Copolymer A is used in the exemplary cosmetic agents in partially neutralized or neutralized form. In an exemplary embodiment, at least one alkanolamine is used for neutralization. Exemplary alkanolamines usable as an alkalizing agent are selected from primary amines with a C₂-C₆ alkyl parent substance which bears at least one hydroxyl group. Exemplary alkanolamines are selected from the group formed from 2-aminoethan-1-ol (monoethanolamine), tris(2-hydroxyethyl)-amine (triethanolamine), 3-aminopropan-1-ol, 4-aminobutan-1-ol, 5-aminopentan-1-ol, 1-aminopropan-2-ol, 1-aminobutan-2-ol, 1-aminopentan-2-ol, 1-aminopentan-3-ol, 1-aminopentan-4-ol, 3-amino-2-methylpropan-1-ol, 1-amino-2-methylpropan-2-ol, 3-aminopropane-1,2-diol, 2-amino-2-methylpropane-1,3-diol. Exemplary alkanolamines are selected from the group 2-aminoethan-1-ol, 2-amino-2-methylpropan-1-ol and 2-amino-2-methylpropane-1,3-diol. 2-Amino-2-methylpropanol is a suitable neutralizing agent. Exemplary cosmetic agents contain at least one alkanolamine, such as 2-amino-2-methylpropanol. 2-Amino-2-methylpropanol is used in exemplary agents in a quantity which does not exceed the quantity needed to neutralize copolymer A. The quantities of 2-amino-2-methylpropanol used in exemplary agents amounts to from about 80 to about 100%, such as from about 90 to about 100%, for example from about 95 to about 100% of the quantity required for complete neutralization of copolymer A. In an exemplary embodiment, the proportion by weight of 2-amino-2-methylpropanol in the total weight of the cosmetic agent amounts to from about 0.1 to about 4.0 wt. %, such as from about 0.2 to about 3.0 wt. %, for example from about 0.5 to about 2.0 wt. %.

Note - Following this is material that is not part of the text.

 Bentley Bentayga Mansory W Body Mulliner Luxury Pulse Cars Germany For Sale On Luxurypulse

In addition to the previously described copolymers and carrier substances, exemplary cosmetic agents may contain further ingredients. The group of these further ingredients in particular includes cosmetically active auxiliary substances and additives.

Exemplary cosmetic agents contain at least one quaternary ammonium compound. Monomeric or polymeric active substances may be used as the quaternary ammonium compound.

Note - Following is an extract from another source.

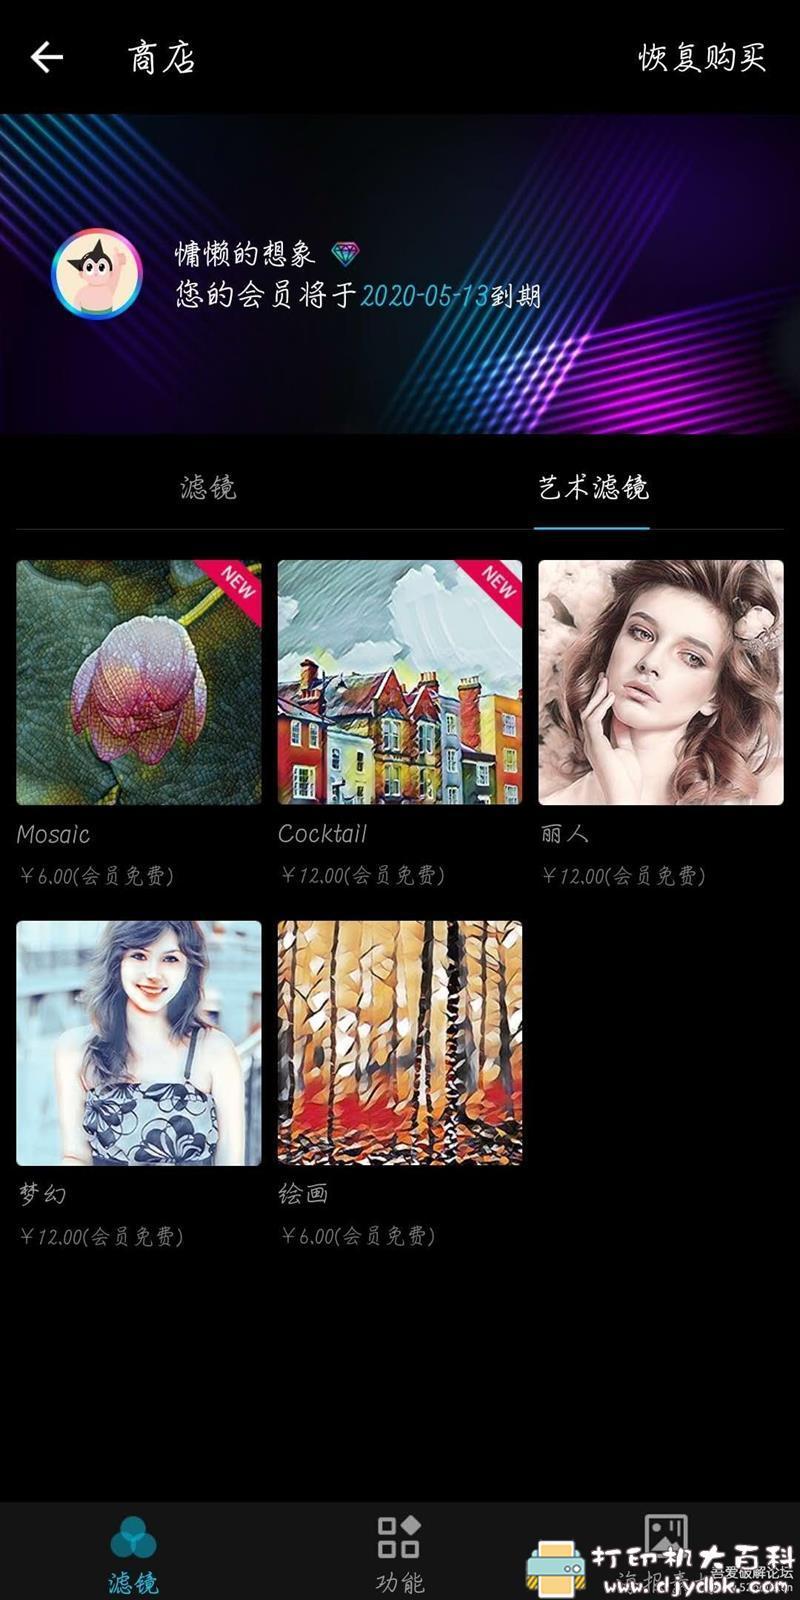 [Android]图片美化工具 MIX滤镜大师 v4.9.9 VIP版图片 No.3

From the plurality of possible monomeric quaternary ammonium compounds, the compounds from the groups:

trimethylalkylammonium halides;

esterquats

quaternary imidazolines

are effective.

The group of trimethylalkylammonium halides in particular includes the compounds of formula (Tkat1).

In the formula (Tkat1), R1, R2, R3 and R4 in each case mutually independently denote hydrogen, a methyl group, a phenyl group, a benzyl group, a saturated, branched or unbranched alkyl residue with a chain length of 8 to 30 carbon atoms, which may optionally be substituted with one or more hydroxyl groups. A denotes a physiologically acceptable anion, for example halides such as chloride or bromide and methosulfates.

Examples of compounds of formula (Tkat1) are lauryltrimethylammonium chloride, cetyltrimethylammonium chloride, cetyltrimethylammonium bromide, cetyltrimethylammonium methosulfate, dicetyldimethylammonium chloride, tricetylmethylammonium chloride, stearyltrimethylammonium chloride, distearyldimethylammonium chloride, lauryldimethylbenzylammonium chloride, behenyltrimethylammonium chloride, behenyltrimethylammonium bromide, behenyltrimethylammonium methosulfate. Exemplary cosmetic agents contain a monomeric quaternary ammonium compound from the group of trimethylalkylammonium halides.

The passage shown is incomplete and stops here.